---------- Stored data
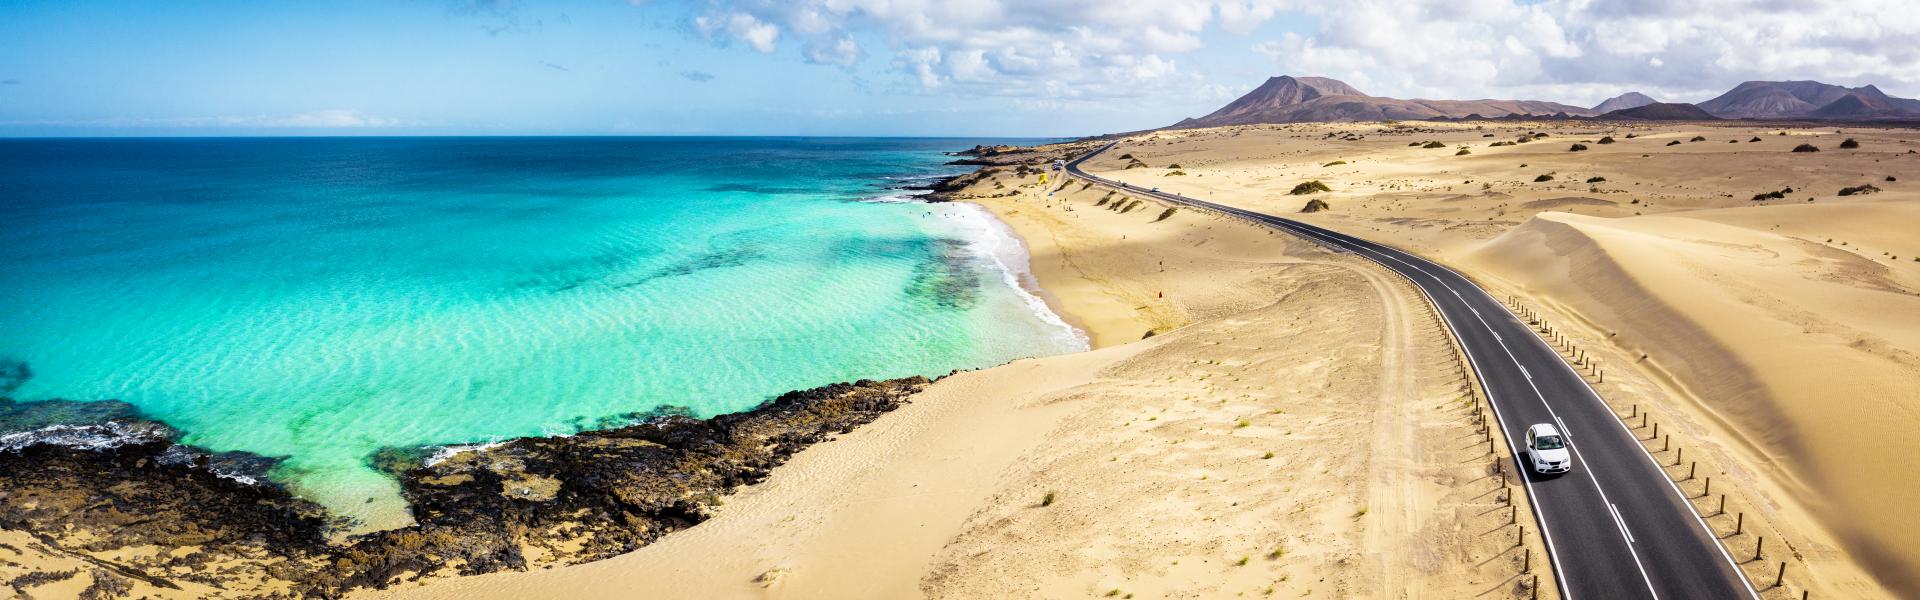 Fuerteventura Scenic View
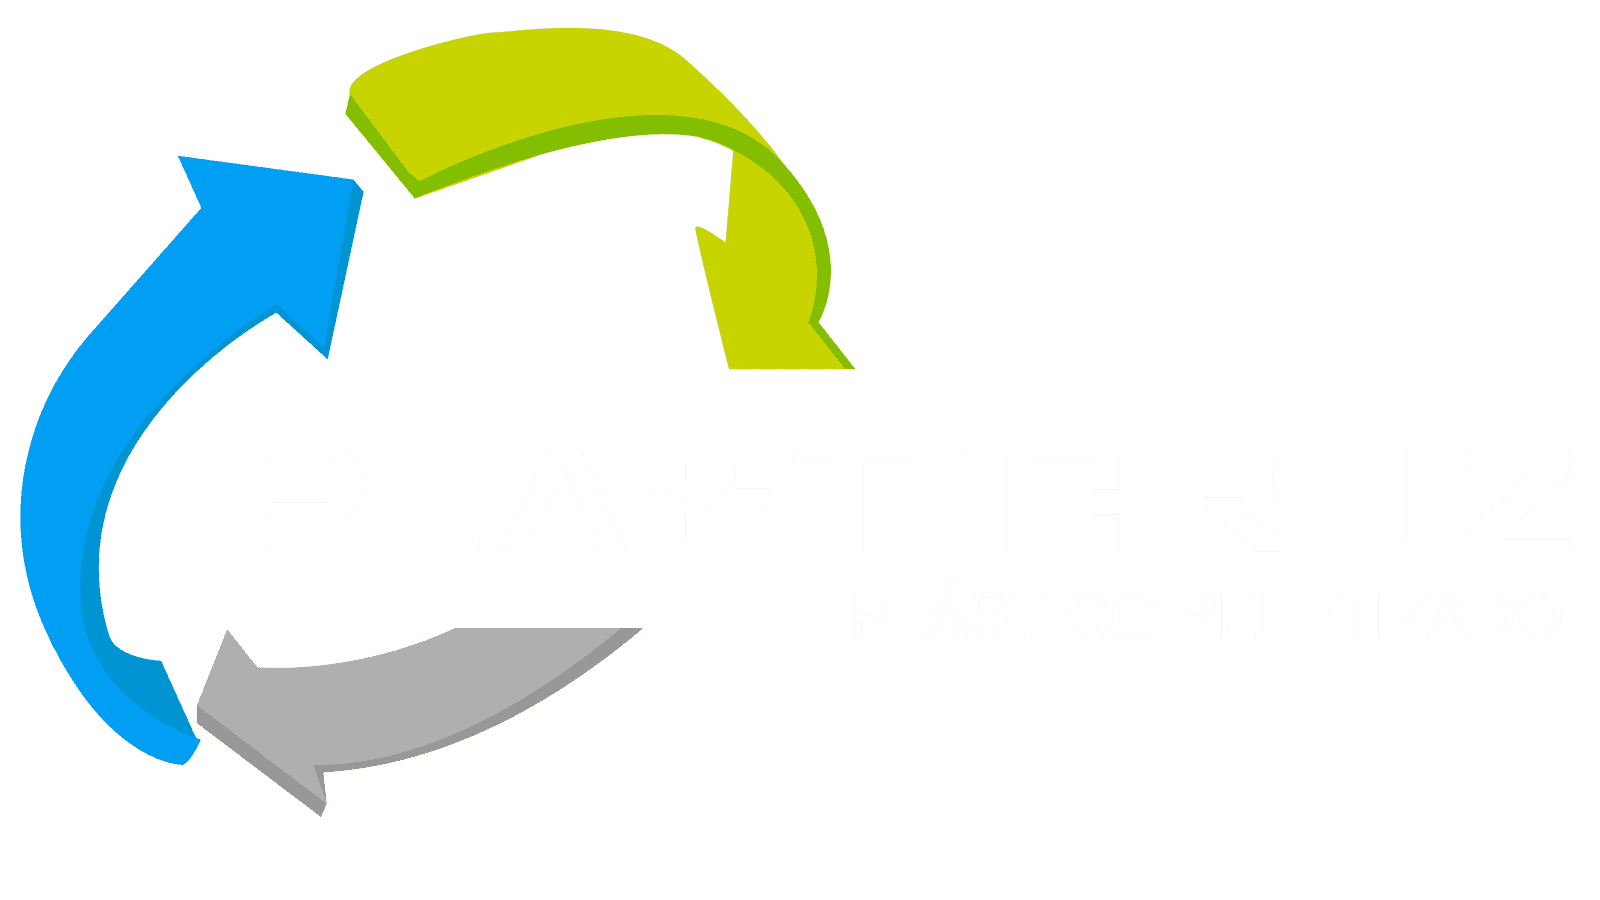 Plástico peletizado reciclado
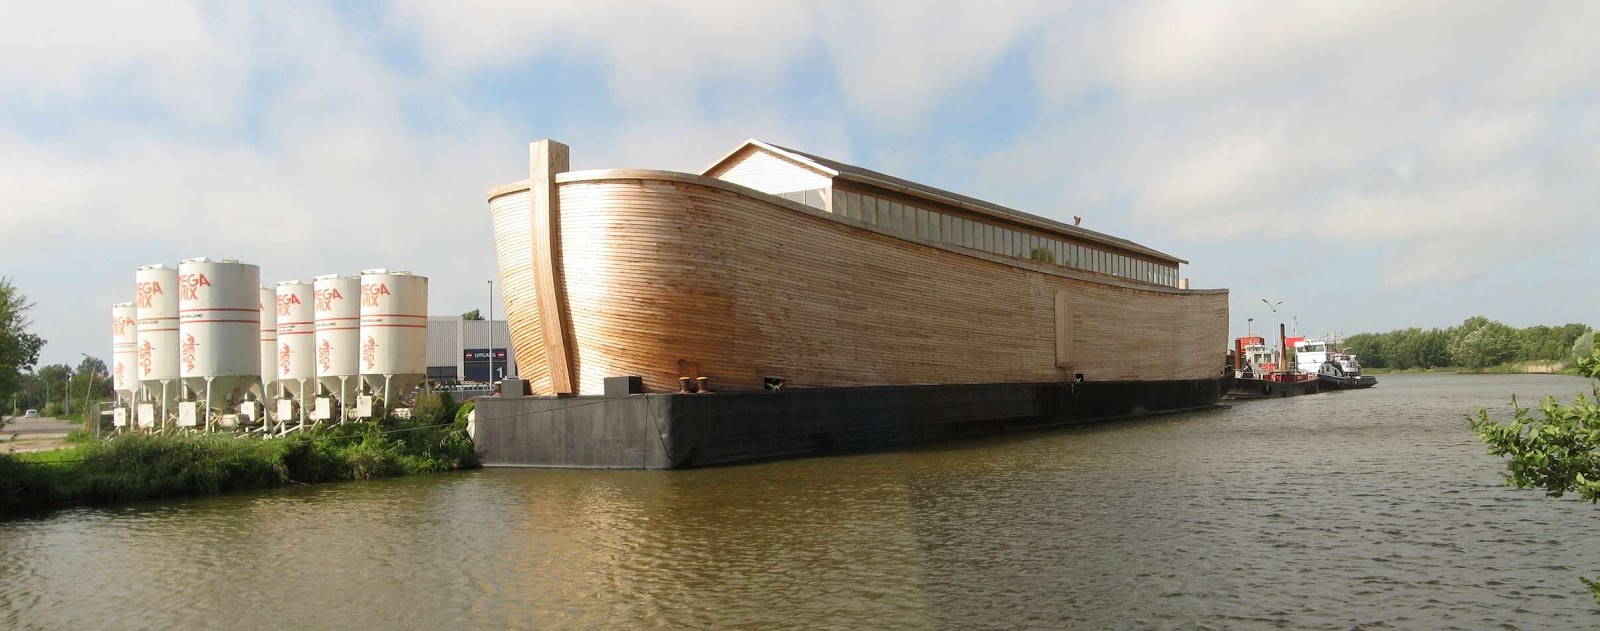 Reprodução real da Arca de Noé
--------------------
Task directions => Find the line that contains "Plástico peletizado reciclado" and repeat it, along with every line after it to the end of the data, exactly; drop the pictures.

Result of this exercise =>
 Plástico peletizado reciclado
 Reprodução real da Arca de Noé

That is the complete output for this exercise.